The activation function of a layer within an ANN modulates the response of neurons at that layer, introducing important non-linearity into the overall regression model. Layers can have differing activation functions. Some common choices for activation functions are enumerated below.
This is the well-known logistic function (ML texts often refer to this as the sigmoid function, due to the shape of its curve).
$$ f:\mathbb{R}^n\rightarrow\mathbb{R}^n $$
$$ f\left(\mathbf{x}\right)=\frac{1}{1+e^{-\mathbf{x}}} $$
$$ \text{Softmax}:\mathbb{R}^n\rightarrow\mathbb{R}^n $$
$$ \text{Softmax}\left(\mathbf{x}\right)=\frac{e^{\mathbf{x}}}{\mathbf{1}^Te^{\mathbf{x}}}=\frac{e^{\mathbf{x}}}{\sum_j{e^{x_j}}} $$
Rectified Linear Unit (ReLU).
$$ \text{ReLU}:\mathbb{R}^n\rightarrow\left[0, \infty\right)^n $$
$$ \text{ReLU}\left(\mathbf{x}\right)=\text{max}\left(0, \mathbf{x}\right) $$
Gaussian Error Linear Unit (GELU).
$$ \text{GELU}\left(\mathbf{x}\right)=\mathbf{x}\cdot\phi\left(\mathbf{x}\right) $$
ANNs require training. The most common training algorithm for ANNs is called backpropagation. Backpropagation comprises two phases, called passes: the forward pass and the backwards pass. In the forward pass, the output of the network is computed and then the loss is calculated. In the backwards pass, the weights and biases are adjusted via gradient descent in order to minimise the future loss.

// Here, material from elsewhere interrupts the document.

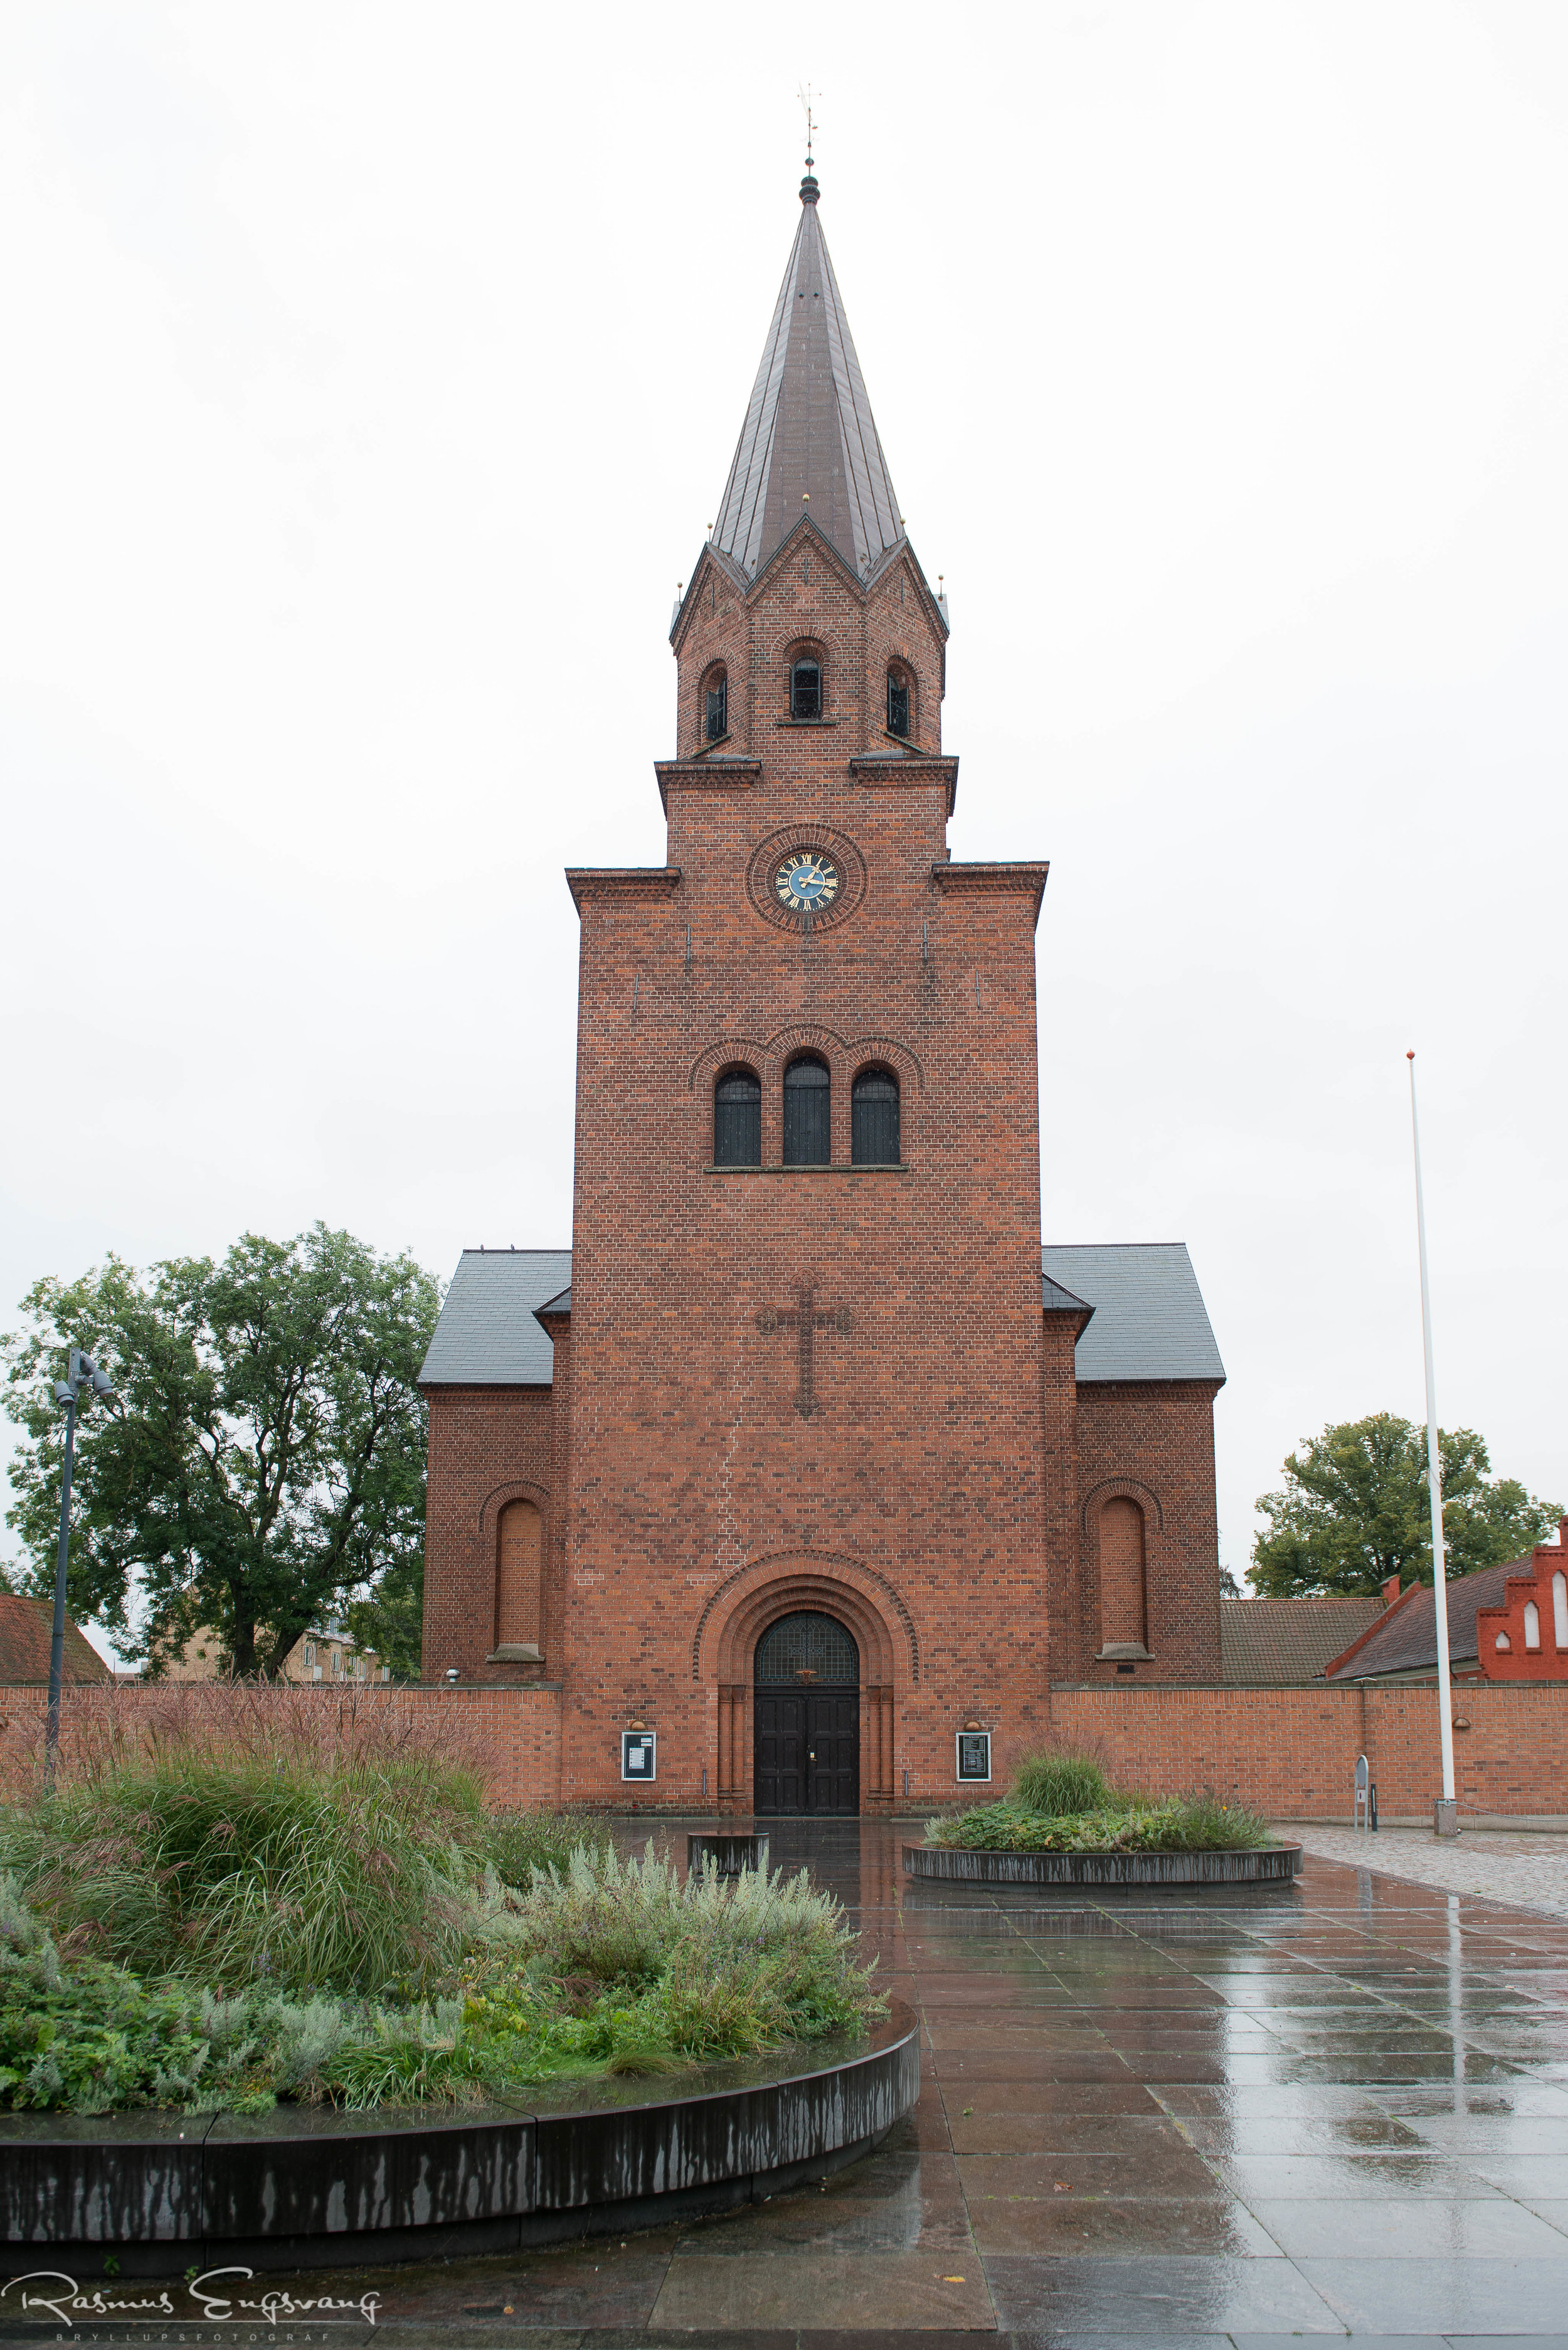 Bryllupsfotograf_Holbæk_Ringsted_Sjælland-101.jpg
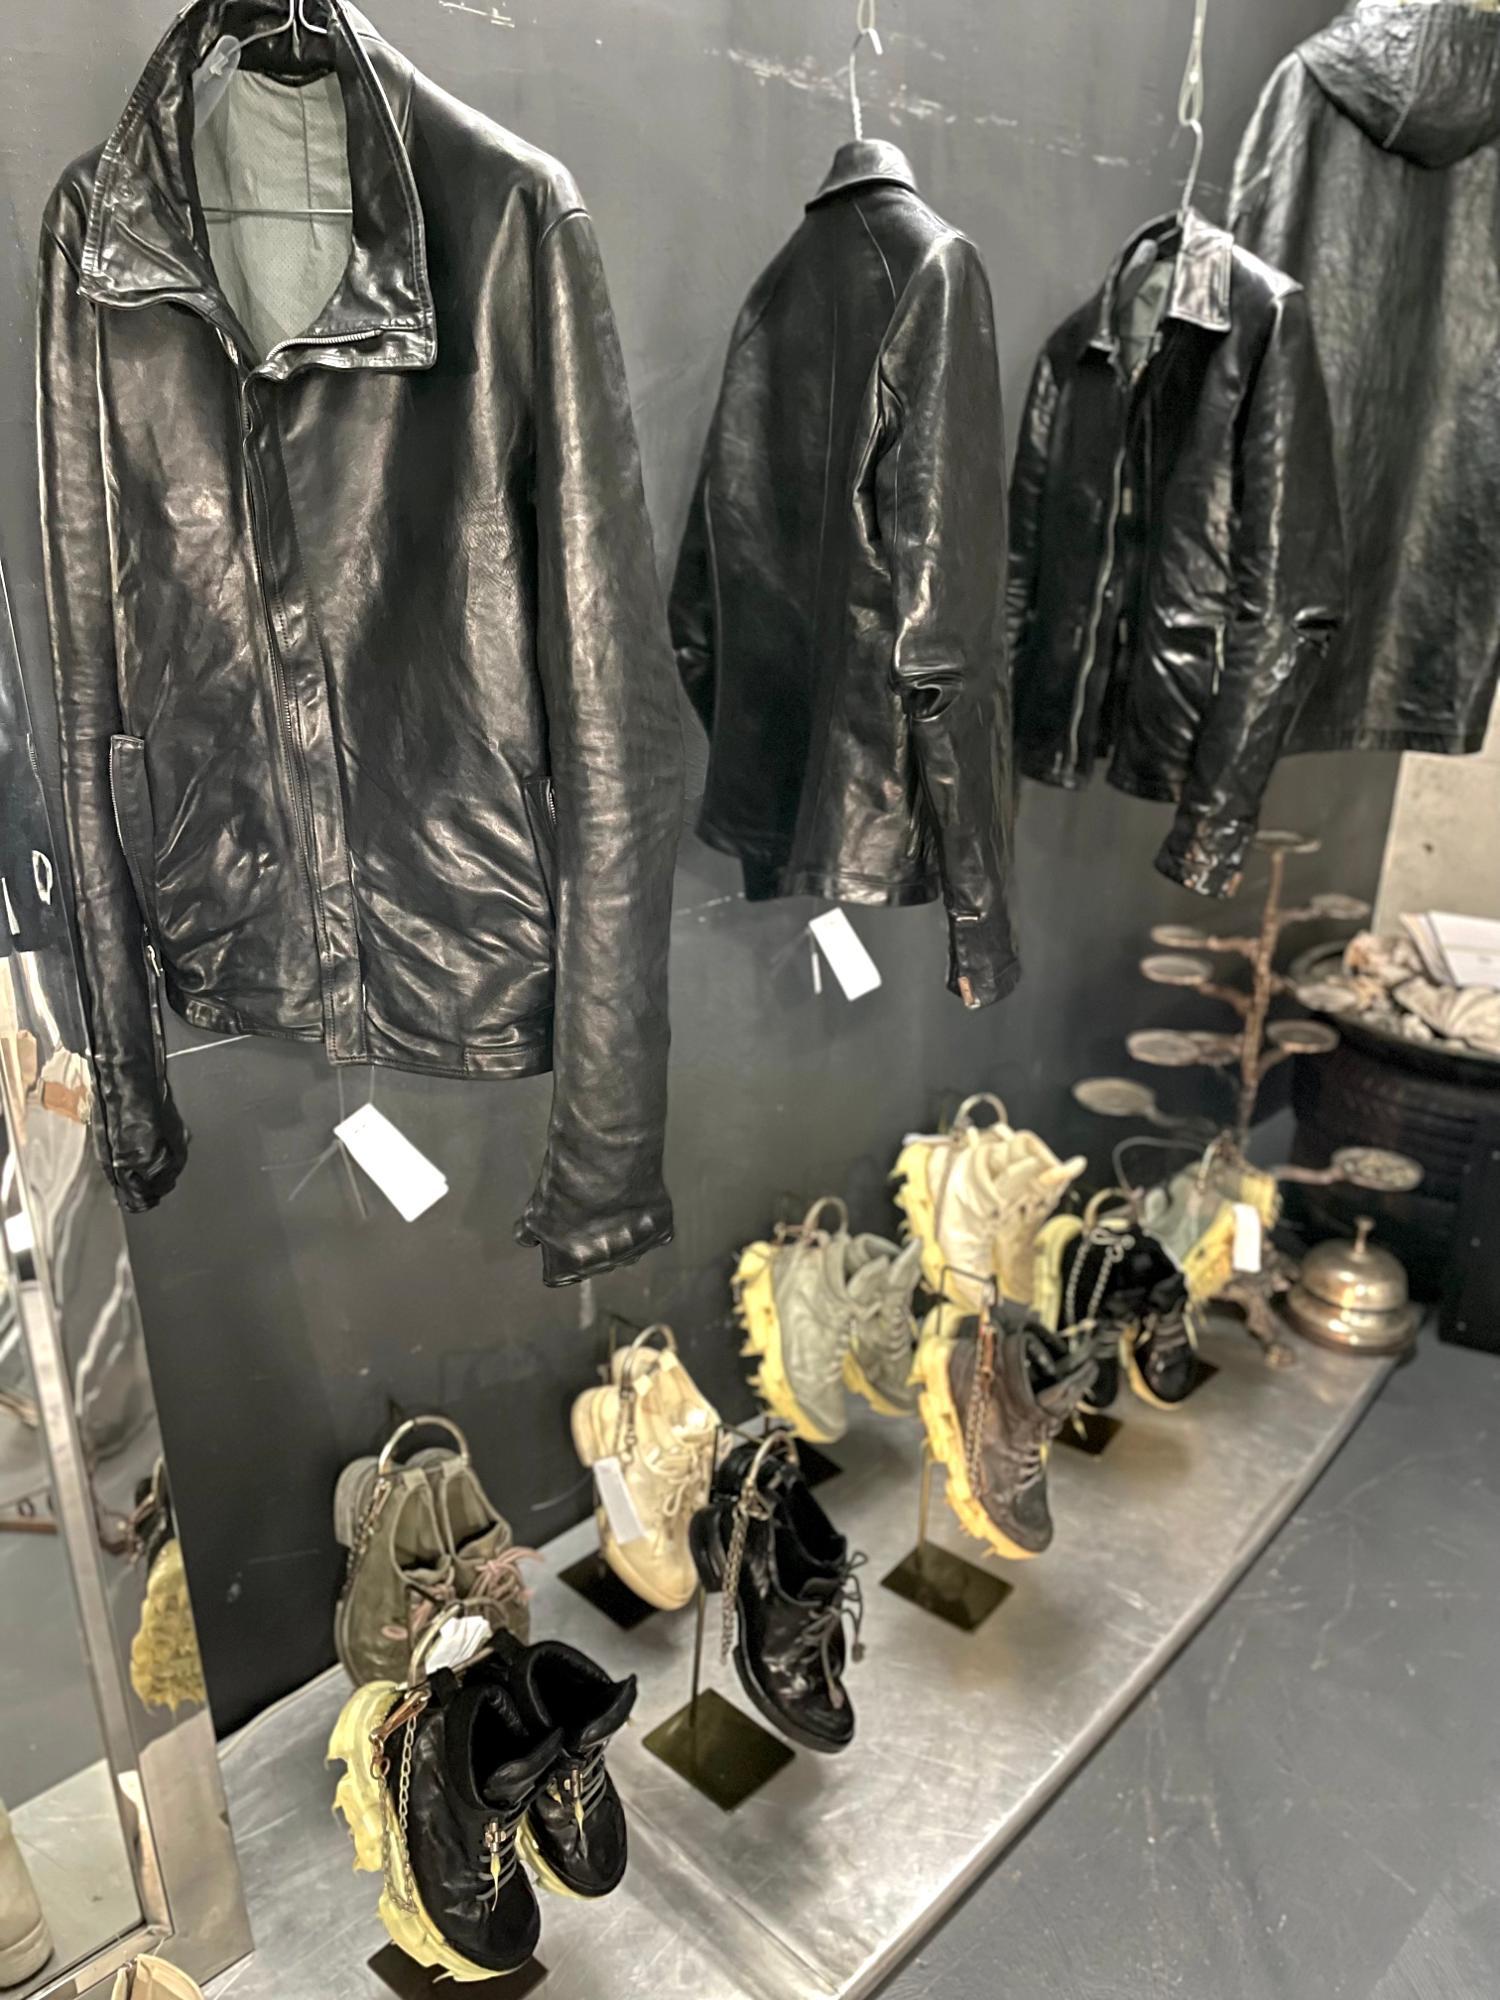 地下の小部屋にはハード系のファッションが。革ジャンは袖が長く肘も加工されていて、靴の裏にはトゲトゲ。とにかく奇抜でカッコいい

There are two steps to the forward pass:
For example, with the ReLU activation function in a 2-layer network, we have:
$$ \hat{Y}=\text{Softmax}\left(W_2\left(\text{ReLU}\left(XW_1 + b_1\right)\right) + b_2\right) $$
$$ \text{Loss}\left(\hat{Y}, Y\right)=-\sum{Y-\log{\left(\hat{Y}\right)}} $$
1: In ML literature, these are usually called bias vectors; however, these aren't true biases in the statistical sense.